Dr. Henzinger has been invited to keynote ISC2002 on Thursday, June 20, 2002,
and she will deliver a presentation about the topic "Indexing the Web -- A
Challenge for Supercomputing".
This interview for HPCwire was conducted by Christoph Poeppe, editor of the
magazine "Spektrum der Wissenschaft", which is the German version of
"Scientific American".
HPCwire: How big is Google today?
HENZINGER: We have 3 billions of pages in our repository. Among those there
are 700 million newsgroup-articles dating back to the far past, which we
bought from Deja-News, 300 million images, and over 2 billion Webpages.
HPCwire: And you have stored all of them in your database?
HENZINGER: Yes, in compressed form.
HPCwire: Is this the whole Web?
HENZINGER: No, not at all! Actually the Web is infinite. There exist databases
which can create a large number of Webpages on demand. Of course, it is
useless to have all of them in the search engine. We restrict ourselves to
pages of high quality.
HPCwire: What is the quality measure?
HENZINGER: The PageRank. This is a kind of grade we attribute to each page,
independent of queries this page could be relevant for. In fact, the quality
of a page increases with the number of other pages pointing to it and the
quality of these other pages. Moreover, the PageRank essentially determines
the order in which Google presents search results to the user.
HPCwire: Is it possible to manipulate the calculation of the PageRanks, for
example by putting something like quotation-cartels into the net?
HENZINGER: Spammers at least try it again and again. For instance, there are a
lot of queries for "Britney Spears". Therefore many people try to increase
their PageRank for being on one of the top places among the answers for
"Britney Spears", even if they only sell sneakers.
HPCwire: What are you doing about it?
HENZINGER: If we see an obvious abuse we take the corresponding page out. This
is in the interest of our users for whom we want to preserve the quality.
HPCwire: Do you also take other steps apart from these individual corrections?
HENZINGER: Yes, but we do not discuss them in public, since we do not want to
get into an arms race with the Spammers.
HPCwire: Since when does Google exist?
HENZINGER: The company was founded three years ago. More than two years ago we
went public. The news about us has spread from mouth to mouth. In the meantime
half of the queries come from outside the USA, 12 percent just from German
speaking countries. We answer over 150 million queries a day, either directly
or via our partners. If, for instance, the search engine Yahoo does not find a
keyword in its own index, it passes the query on to us and returns our answer
to the user.
HPCwire: Which hardware runs your system?
HENZINGER: We have more than 10000 PCs, distributed over four data centers.
Our operating system is Linux.
HPCwire: How often do you look if the Webpages you list do still exist?

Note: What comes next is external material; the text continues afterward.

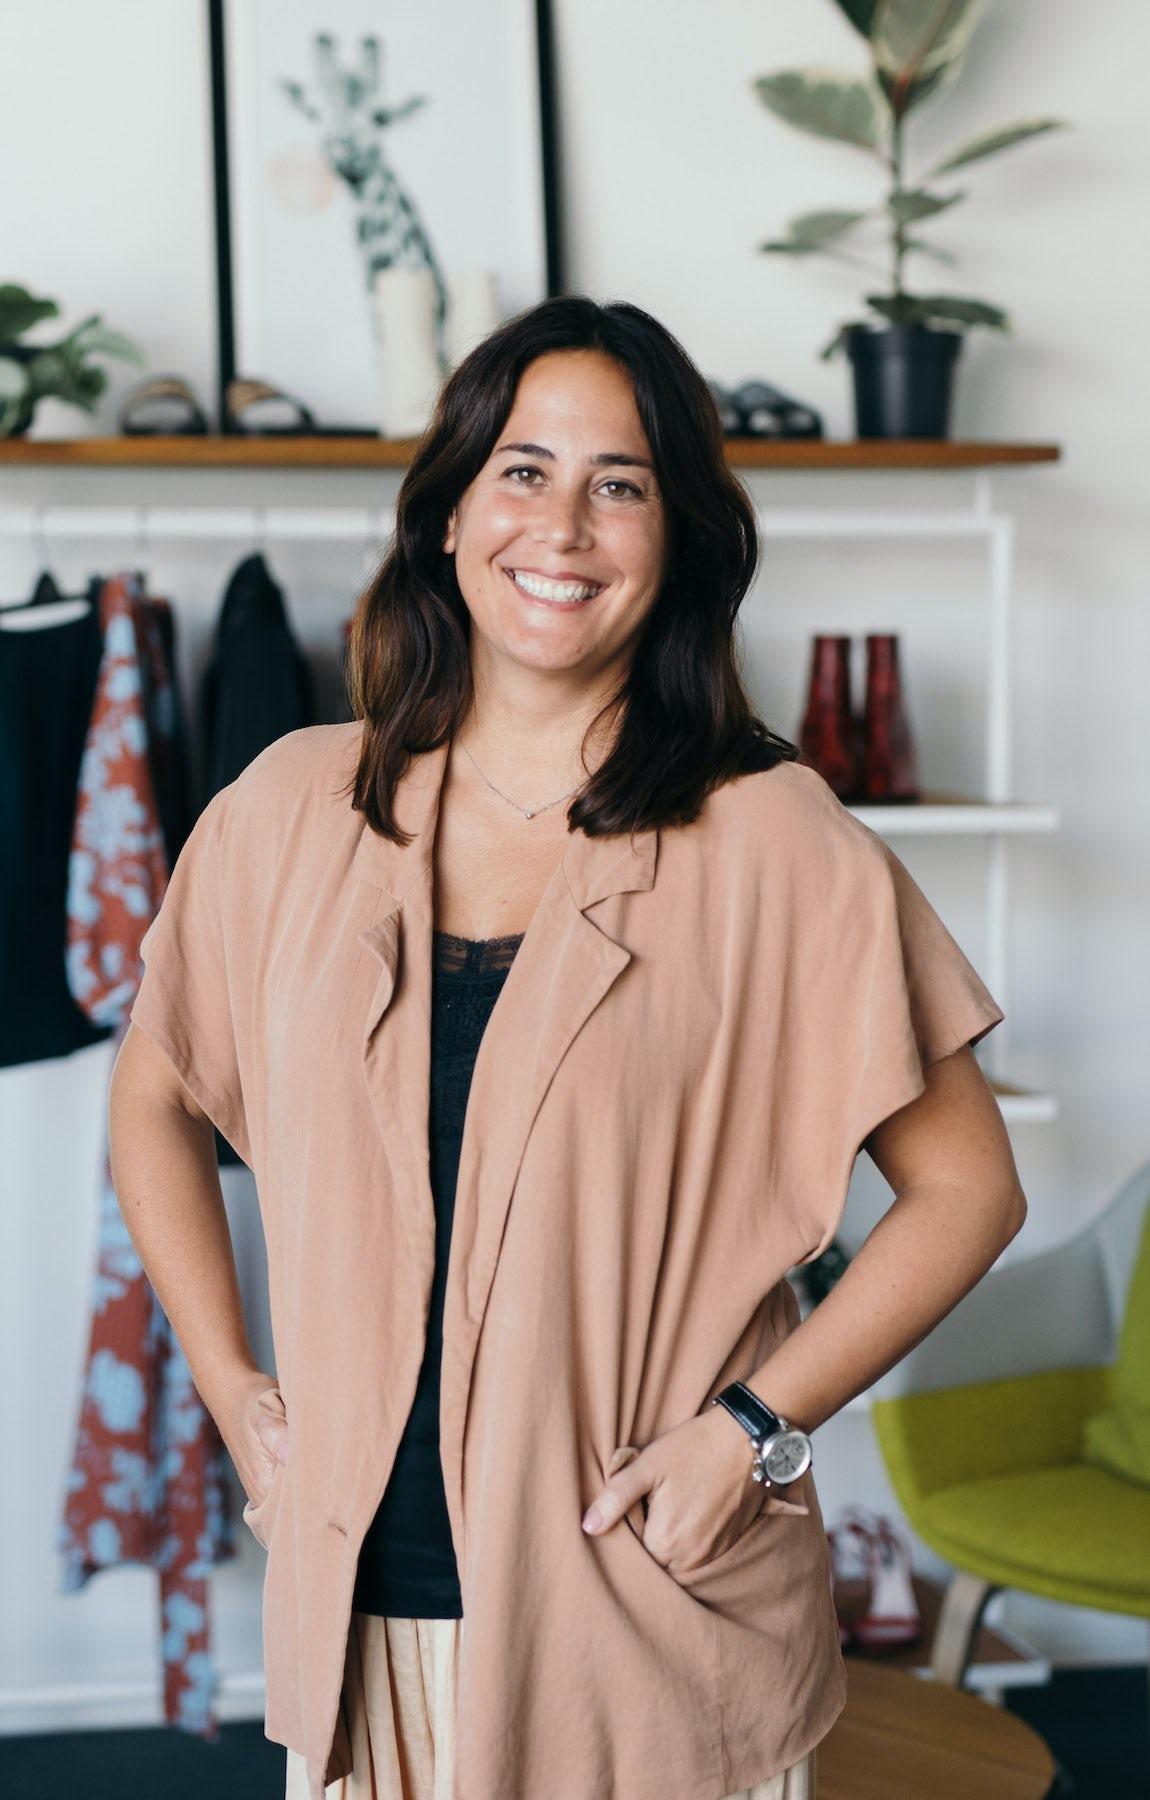 Sara Diez, Vice President of Womenswear | Source: Svenja Krueger for Zalando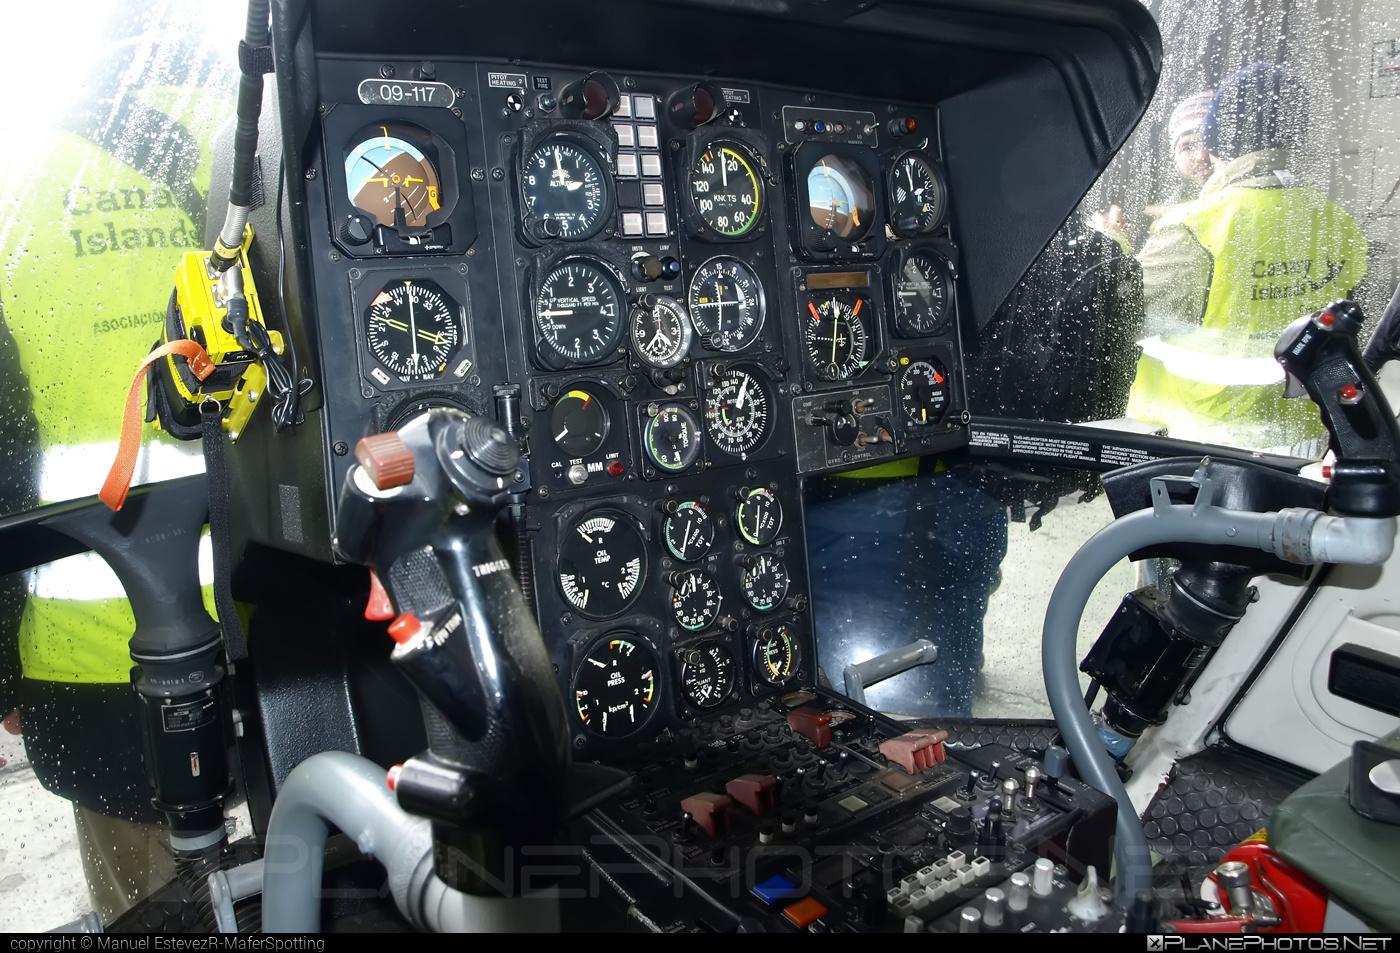 MBB Bo 105CBS-4 - HU.15-89 operated by Guardia Civil (Spanish Civil Guard) #mbb

HENZINGER: We update our database every 28 days. Moreover, there exist some
very busy webpages which we visit daily. Every 28 days we recreate the index
which, for every word, lists all the Webpages containing this word. If you
enter two words into the search field you are presented the intersection of
both lists, sorted by PageRank and a few other criteria. In particular, it can
happen that you get the homepage of a company which does not even contain the
name of the company in readable form, but maybe only as part of n image. But
from the many Webpages which point to this homepage and quote the name of the
company we know that this has to be the homepage, and present it that way.
HPCwire: How much effort is this indexing?
HENZINGER: A lot. About one week.
HPCwire: How many employees does your company have?
HENZINGER: Approximately 350. Up to now the number of employees has doubled
each year.
HPCwire: How is Google financed?
HENZINGER: First, by usual advertisement: one-line, running-text ads. They
only appear for queries like "cars", that is, if they might be interesting for
the questioner; we call this keyword targeting. Second, everybody can buy an
advertisement online with their credit card. If you want to congratulate your
wife to her birthday with Google you can place an advertisement which only
appears for her name. However, the typical advertiser is a small producer of
maple syrup in Maine. His advertisement will be displayed to the right of the
search results if the user types "maple syrup". Third, by search services. For
instance Yahoo pays us for displaying our search results on their page. Some
companies want to set up search functionality for their Webpage, but do not
want to program it themselves. For these companies we build a separate index
and answer search queries the company gets asked. Fourth, we recently started
to sell our products for internal use in company intranets. We are one of the
few startup-companies who are really well off.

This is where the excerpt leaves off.